Recently, the fire had been growing larger and larger. She took this as a sign that he would be coming soon, and she waited.

Even though people often told her she had the patience of a saint, sometimes she grew restless and roamed around the room. She even hung Christmas stockings up to hang above the fireplace, one for her and one for him. His was full with presents she had never had the chance to give him. Her own was completely empty. But maybe she deserved that.

She had even set up a small Christmas tree in the corner, but it hurt to look at it, because whenever she saw it out of the corner of her eye, she did not take in the magical beauty of the tree.

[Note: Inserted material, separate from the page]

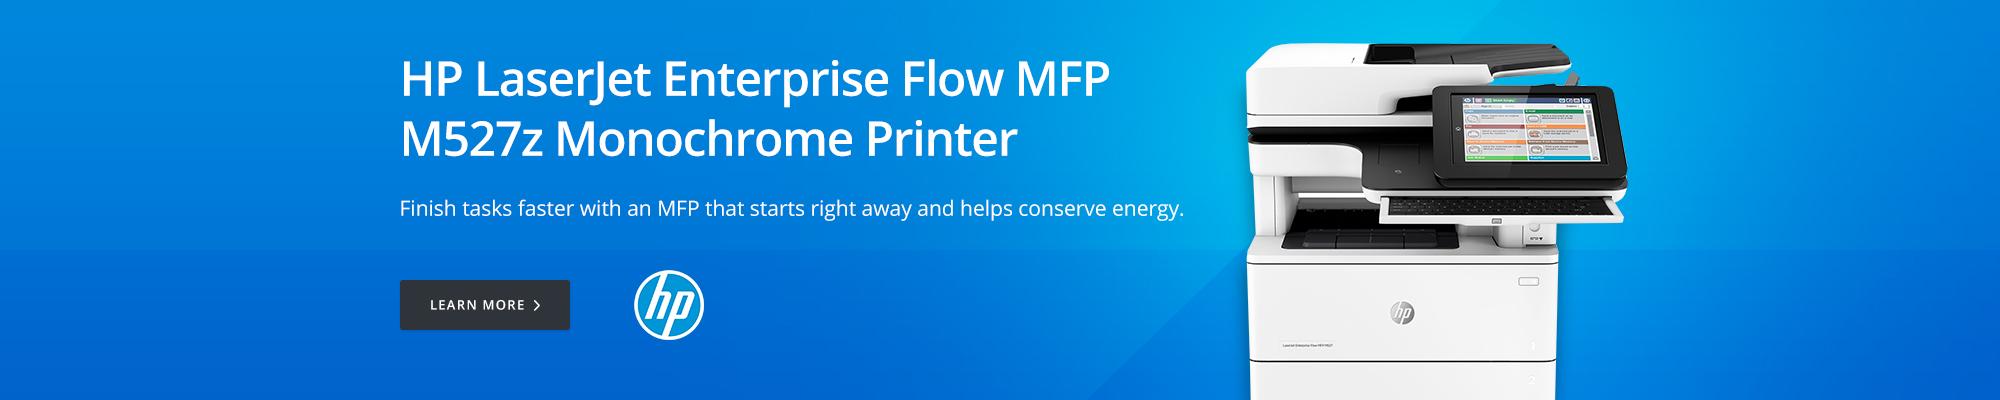 HP LaserJet Enterprise Flow MFP M527z Monochrome Printer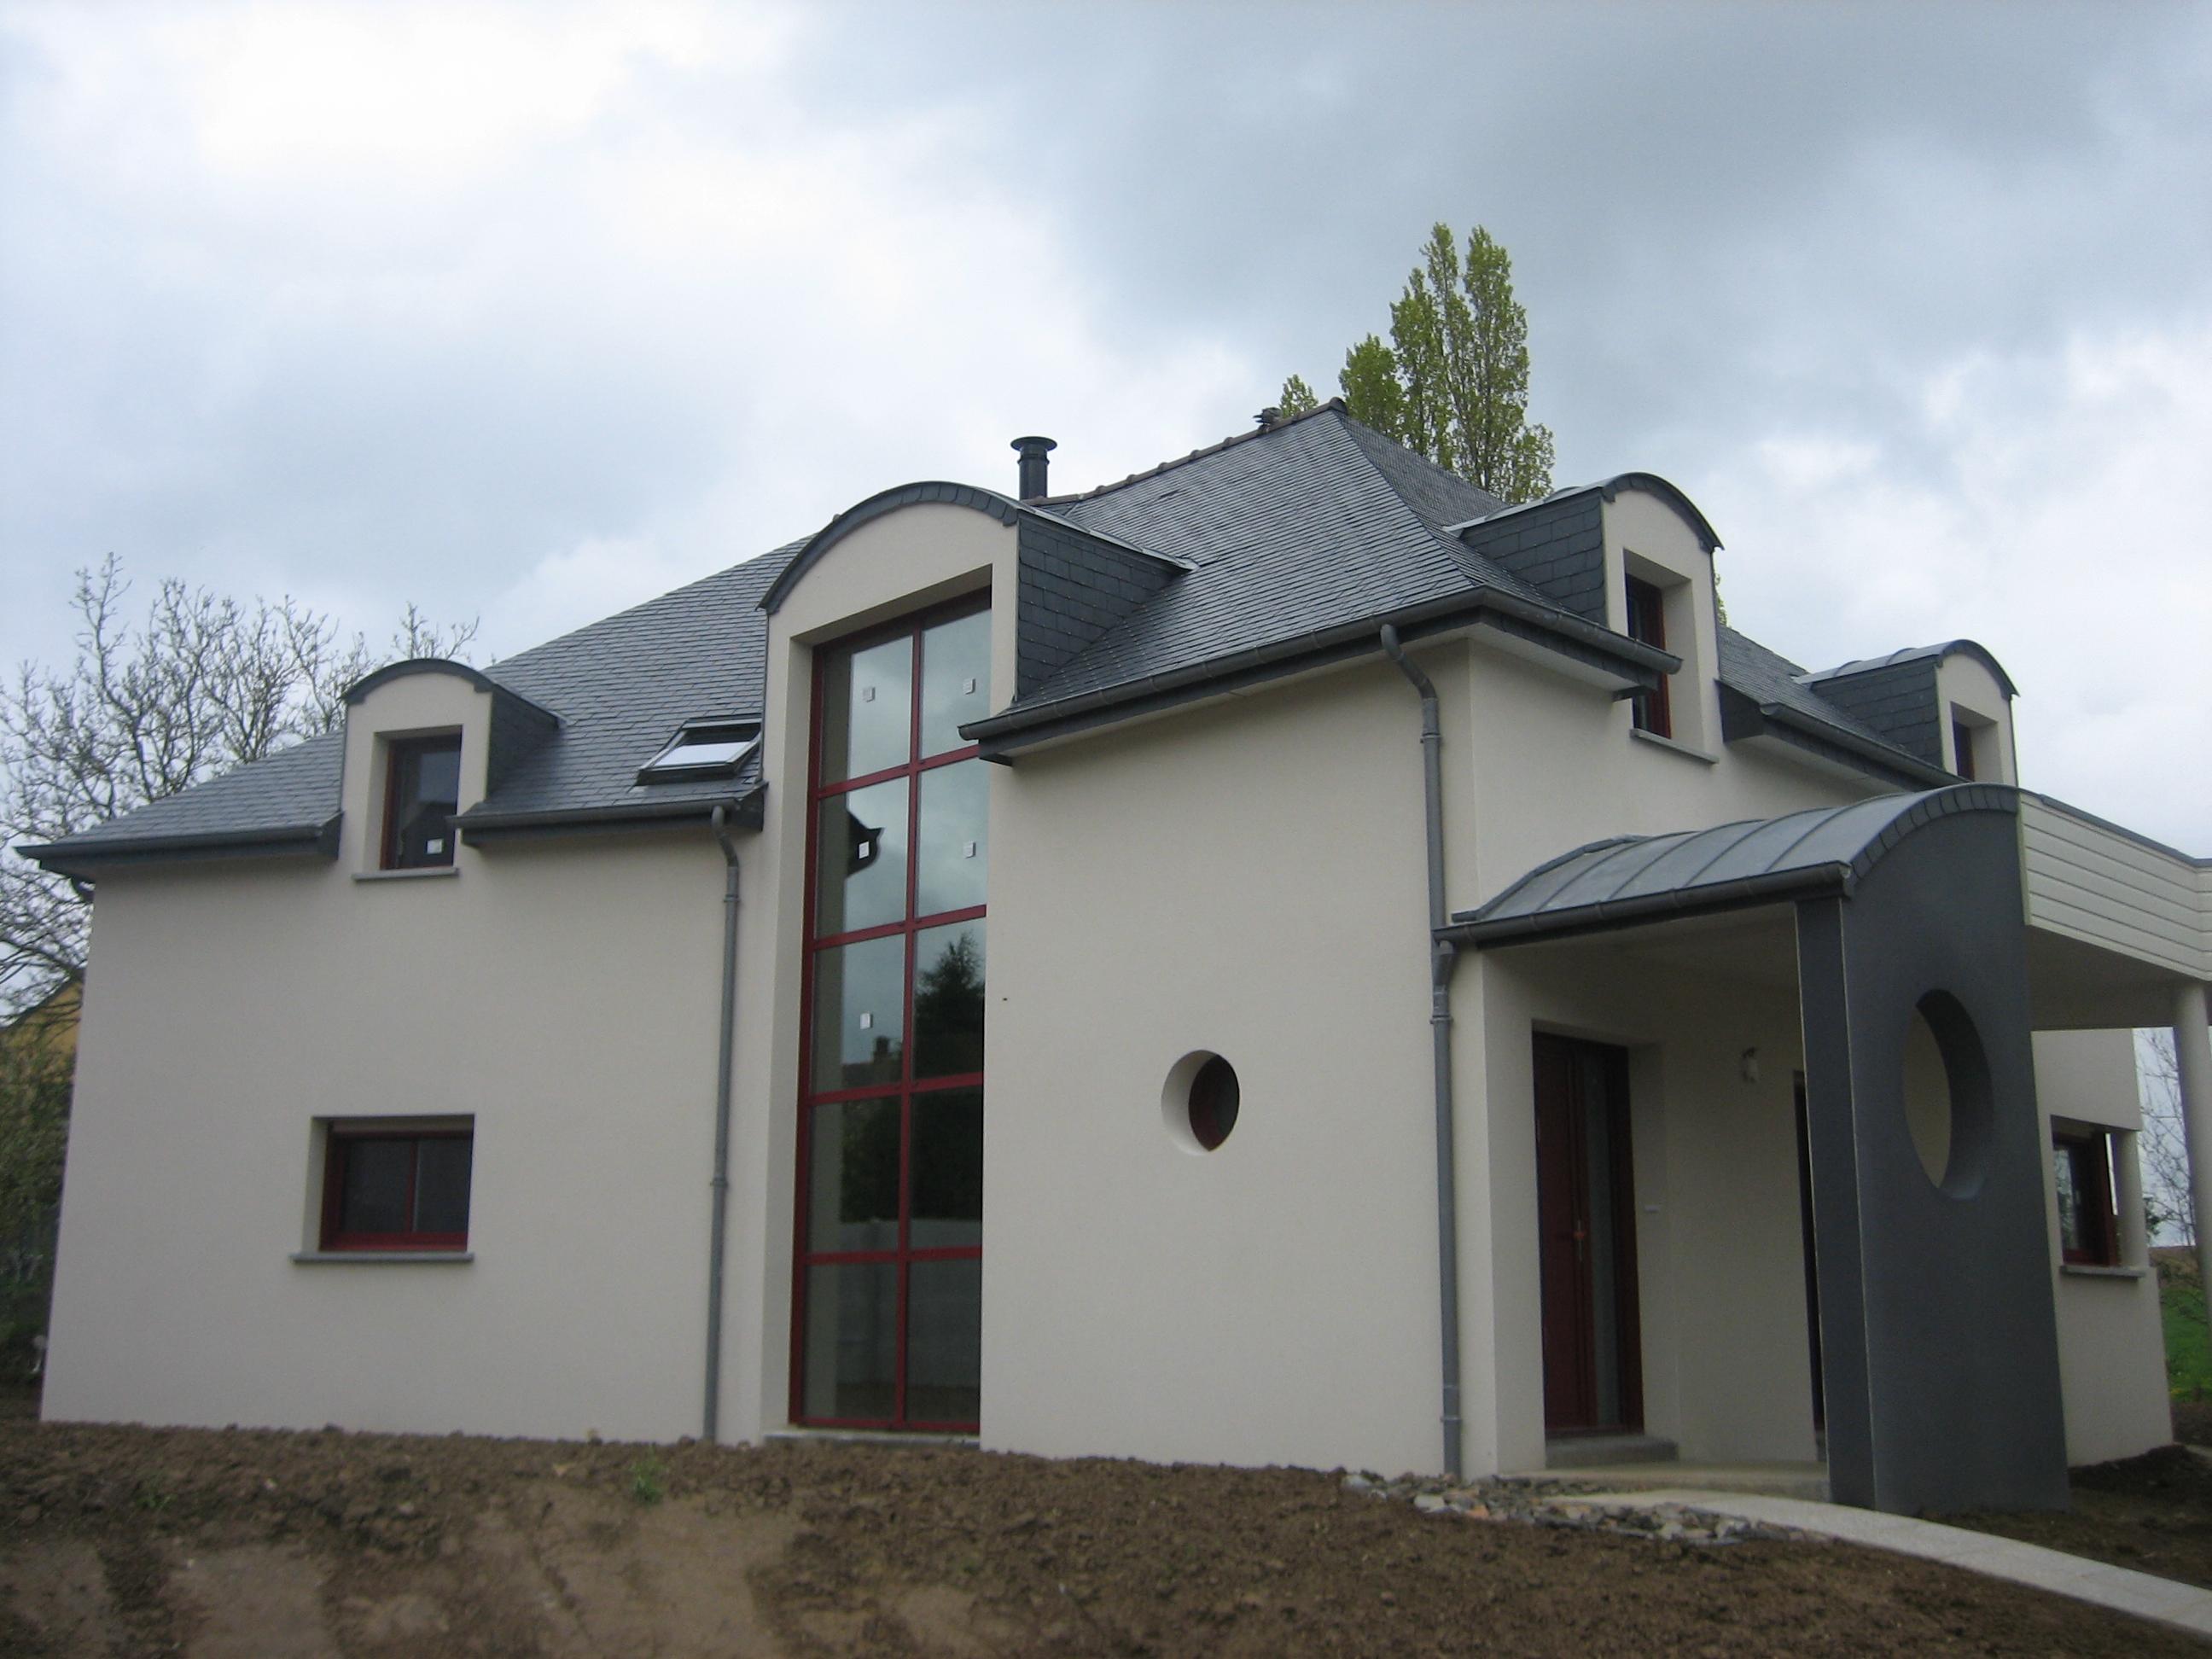 Dbl constructions constructeur maisons individuelles for Aventures de maison rennes

She only saw the ornament he had made her as a Christmas present when they were eleven, when she was full of childish fantasies and imagining that they could have a future together.

But along the way of growing up, they soon learnt that it could never be that way. She was too perfect, and he was too broken.

The fire crackled and without any assistance, it grew larger. Could this be it? She felt her fingers and toes tingle, she knew he was coming soon. Then she heard the unmistakable sound of a soft knock on the front door.

“Come in,” she whispered quietly, half afraid that her voice had broken from lack of use.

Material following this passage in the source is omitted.